Displaying Loss Values on Tensorboard
Tensorboard is one of the most useful tools to display various metrics during the training. Fed-BioMed offers an option to display loss values on the tensorboard interface. This article focuses on how to use tensorboard on Fed-BioMed to display loss values during the training rounds in each node. This section is presented as follows:
- Running experiment with tensorboard option
- Launching tensorboard
- Using tensorboard
The tensorboard logs of an experiment is saved in a directory, by default TENSORBOARD_RESULTS_DIR
. Thus, if you re-use the same directory for another experiment, the previous experiment's tensorboard logs are cleared. See below to learn how to specify per-experiment directory.
Breakpoints currently do not save tensorboard monitoring status and tensorboard logs. If you continue from a breakpoint, tensorboard monitoring is not restarted and logs from pre-breakpoint run are not restored.

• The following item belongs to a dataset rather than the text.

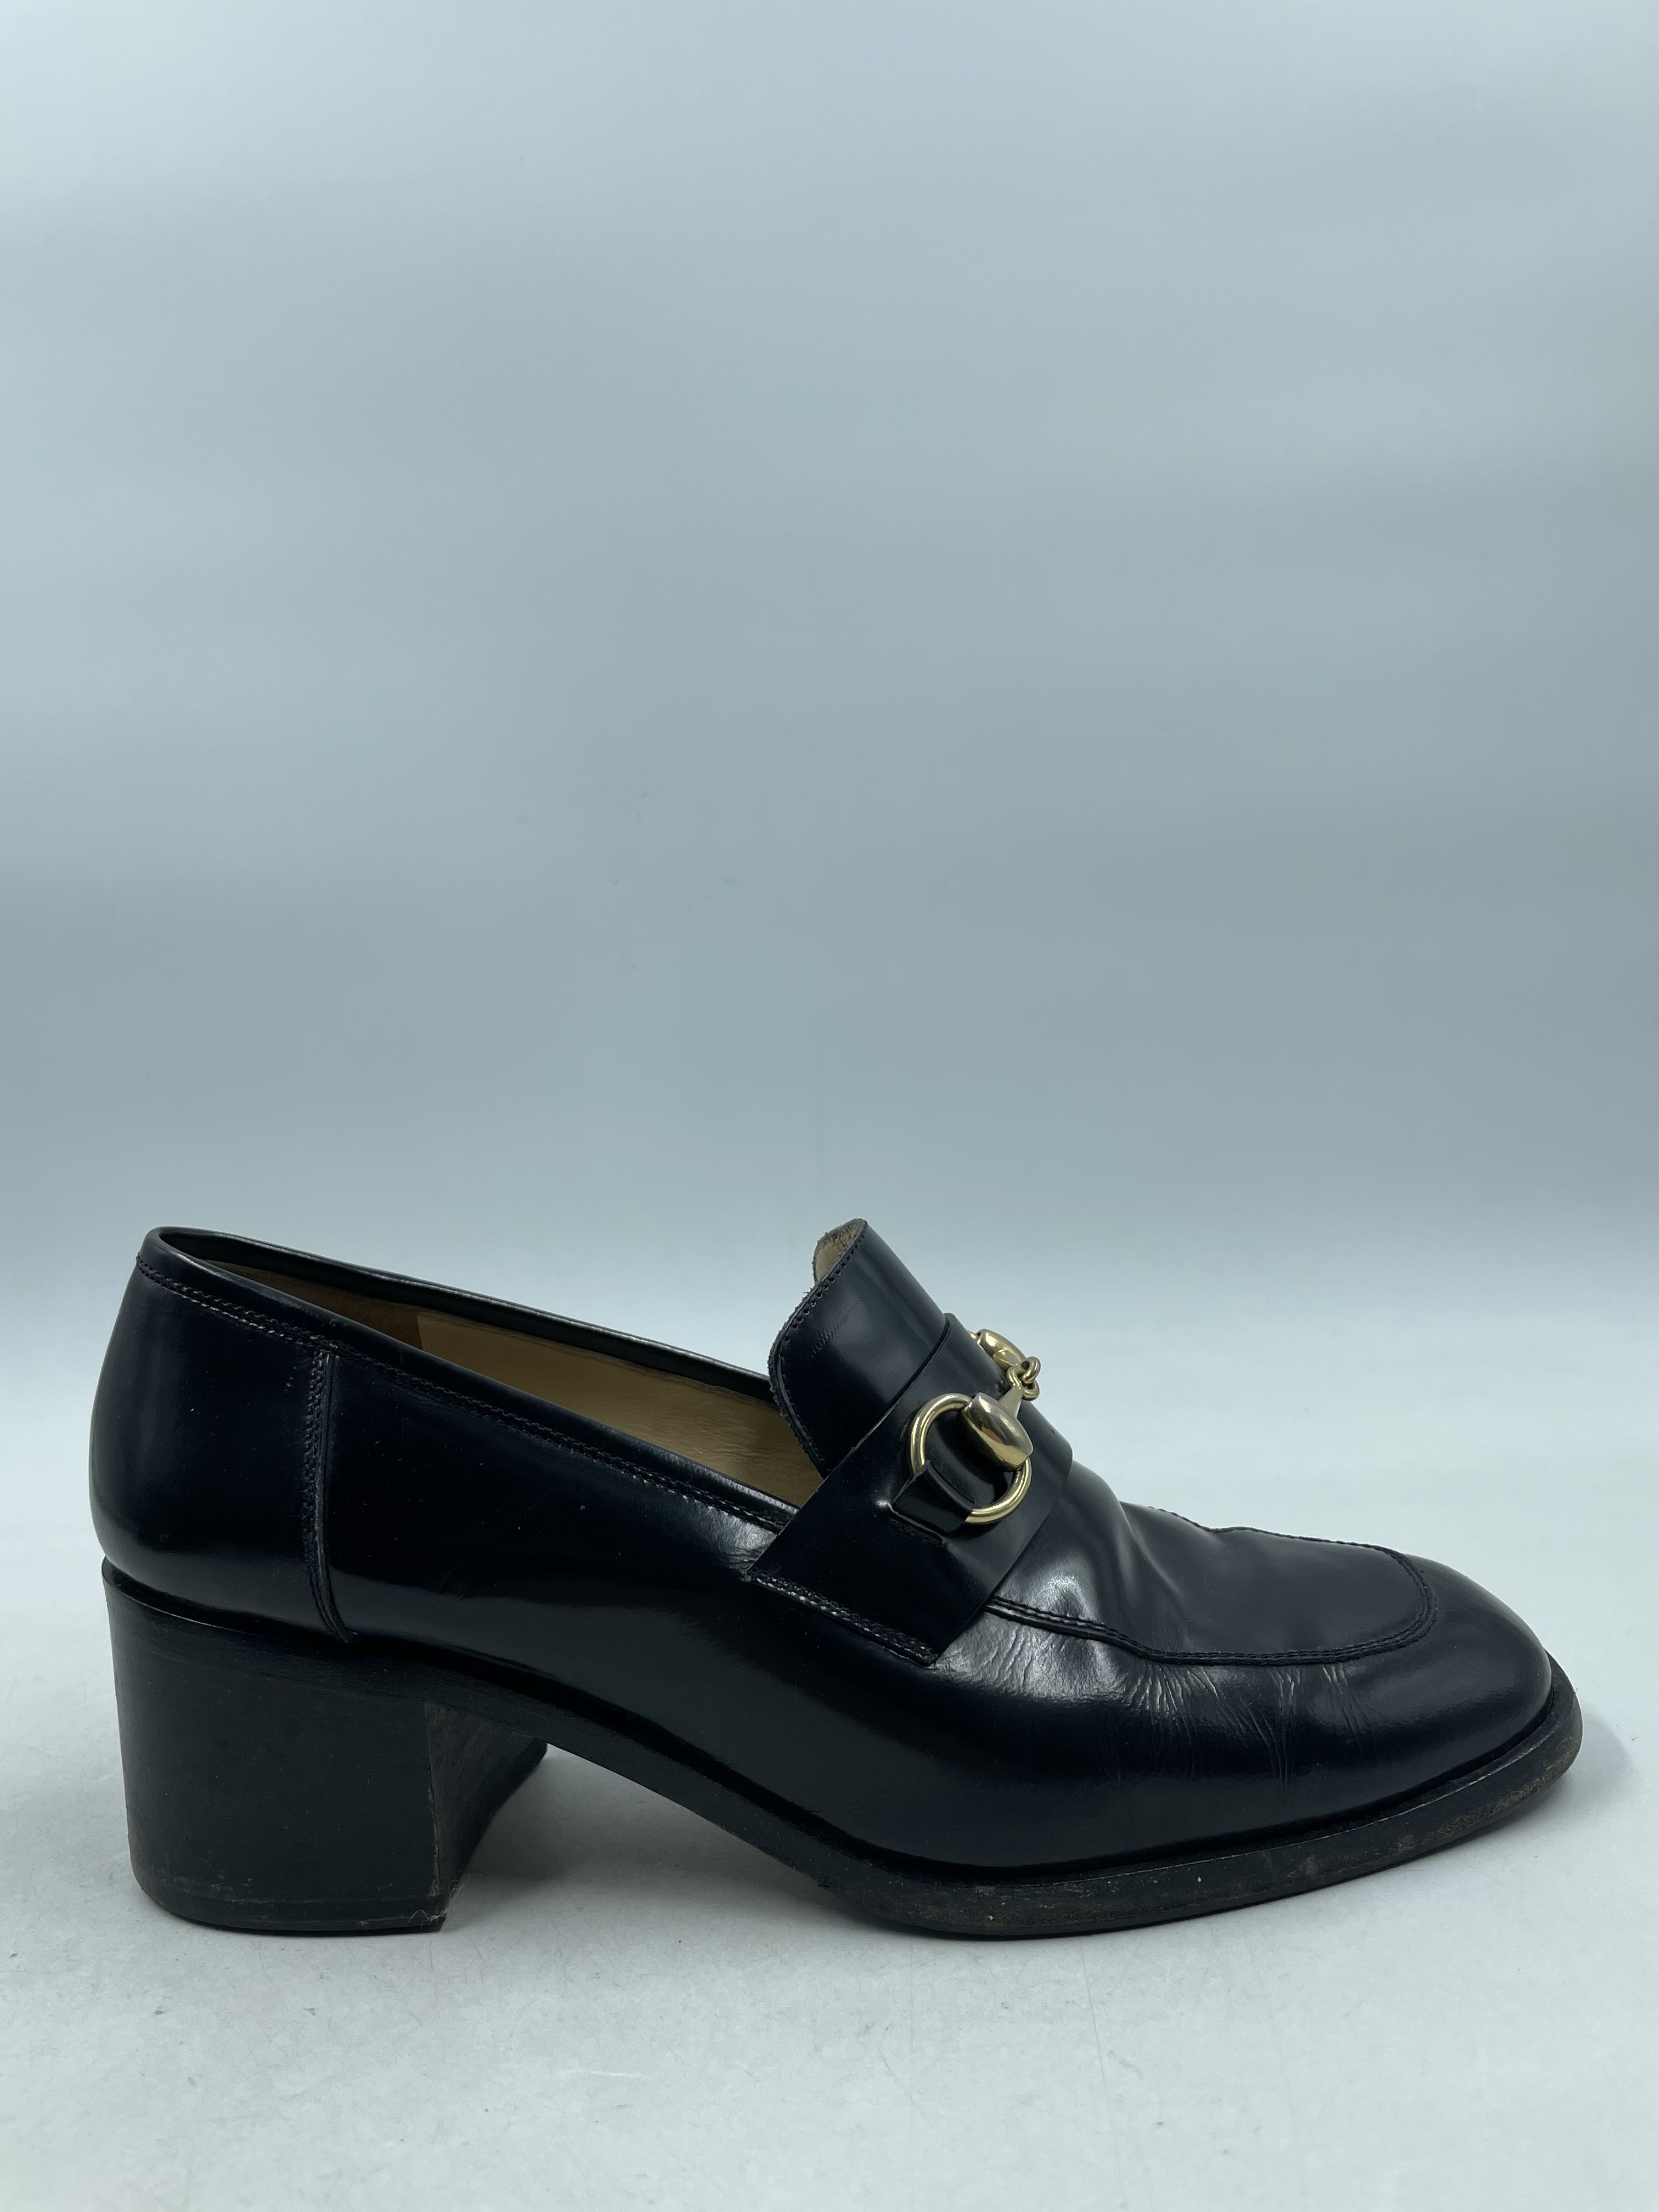 Buy the Authentic Gucci Horsebit Loafers W 8.5B | GoodwillFinds

Running Experiment with Tensorboard Option
During the training of each round, scalar values are sent by each node through the monitoring
channel. The experiment does not write scalar values to the event file as long as it has been specified. To do that you need to set tensorboard=True
while you are initializing an experiment (see below). Afterward, the Monitor
will be activated, and it will write the loss values coming from each node into a new log file. Thanks to that, it is possible to display and compare on the tensorboard loss evolution (and model performances) trained on each node. By default, losses are saved in files under the runs
directory.
from fedbiomed.researcher.federated_workflows import Experiment
exp = Experiment(tags=tags,
model_args=model_args,
training_plan_class=MyTrainingPlan,
training_args=training_args,
round_limit=rounds,
aggregator=FedAverage(),
node_selection_strategy=None,
tensorboard=True
)
Validation facility
Tensorboard displays the results of the validation/testing steps. During each Round, values will be exported into Tensorboard in real time. If test_batch_size is set to a specific value, each computed value will be reported (depending on the size of test_batch_size set).
Launching Tensorboard
1. From Terminal
Tensorboard comes with the fedbiomed-researcher
conda environment. Therefore, please make sure that you have activated the conda fedbiomed-researcher
environment in your new terminal window before launching the tensorboard. You can either activate the conda environment using conda activate fedbiomed-researcher
or ${FEDBIOMED_DIR}/scripts/fedbiomed-environment researcher
.
You can launch the tensorboard while your experiment is running or not. If you launch the tensorboard before running your experiment, it won't show any result at first. After running the experiment, it will save tensorboard event logs into the runs
directory during the training. Afterward, you can refresh tensorboard page to see the current results.
While you are launching the tensorboard, you need to pass the correct logs directory with --logdir
parameter. You can either change your directory to Fed-BioMed's base directory or use the FEDBIOMED_DIR
environment variable if you set it while you were installing Fed-BioMed.
Option 1:
$ cd path/to/fedbiomed
$ tensorboard --logdir runs
Option 2:
$ tensorboard --logdir $FEDBIOMED_DIR/runs
2. From Jupyter Notebook
It is also possible to launch a tensorboard inside the Jupyter notebook with the tensorboard extension. Therefore, before launching the tensorboard from the notebook you need to load the tensorboard extension. It is important to launch the tensorboard before running the experiment in the notebook. Otherwise, you will have to wait until the experiment is done to be able to launch the tensorboard because the notebook kernel will be busy running the model training.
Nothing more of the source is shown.